Revisiting My First Healthcare Quality Dashboard "Five Years Later"

Motivation

Five years ago, I accepted my first role as a data analyst supporting the hospital quality and safety department. One of my earliest assignments was to build a dashboard to monitor hospital-acquired conditions for nursing quality indicators.

Recently, I recreated that original dashboard using synthetic data generated with ChatGPT, as a way to reflect on how my thinking has evolved.

Background: How the Dashboard Was Used

Each month, nursing leadership met with nurse managers, educators, and frontline staff to review performance across key measures:

  • CAUTI: Catheter-Associated Urinary Tract Infection
  • CLABSI: Central Line–Associated Bloodstream Infection
  • HAPI: Hospital-Acquired Pressure Injuries
  • Falls with Injury

I attended many of these meetings. Every injury was reviewed individually. Teams discussed what led to the event, what could have prevented it, and what lessons could be applied going forward.
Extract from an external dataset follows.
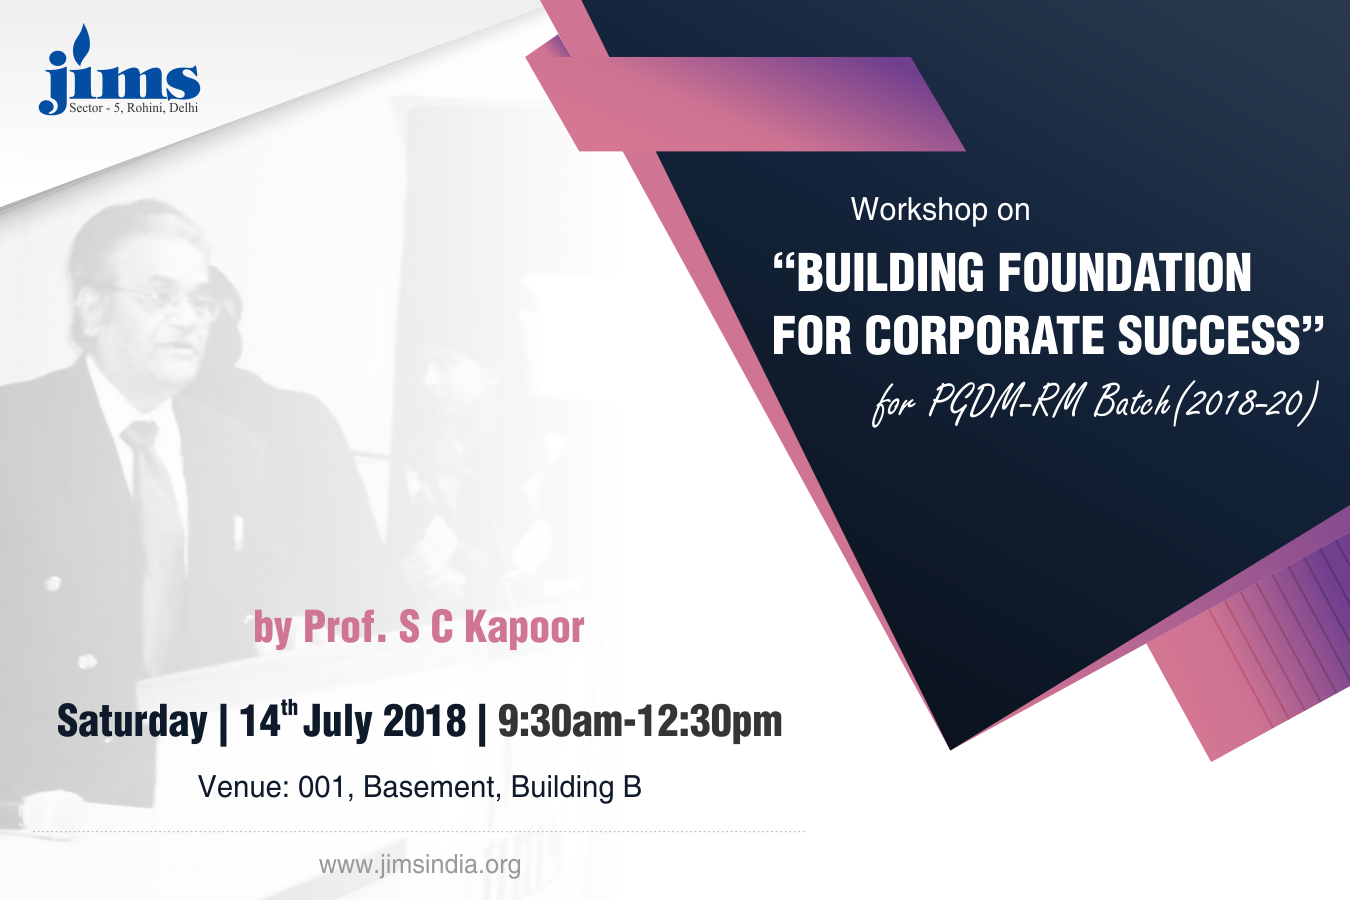 JIMSRohini is organizing Workshop on Building foundation for corporate success on 14th July 2018 at 9:30am to 12:30pm @ JIMS Rohini

Outside of leadership meetings, the dashboard was printed and posted on unit boards across the hospital. The goal was for nurses to recognize and feel familiar with the dashboard when they encountered it on the unit after the meeting.

Design Choices and Analytical Intent

Leadership was primarily interested in the metrics and how units and the hospital compared to benchmark, while frontline staff focused more on the number of patients affected. Because each hospital-acquired injury is reviewed in detail through a separate event review process, the dashboard only needed to provide a clear summary.

The executive view was designed to give a high-level snapshot of unit performance at a given point in time. The goal was for users to understand performance across all four measures in less than a minute.

The trend view shows how each measure compares to benchmark over time. In the redesign, I also added a Statistical Process Control (SPC) view to help identify anomalies and bring them up for further investigation.

You can view the recreated dashboard on Tableau Public here.

Lessons Learned

Recreating this dashboard showed me that understanding your audience and how the dashboard will be used is the first, and perhaps most important, step in creating a successful dashboard. It is not enough to create a product that shows accurate numbers; you have to create something that is easy to use and effective.

Moving forward, my first question will be how you plan to use this dashboard.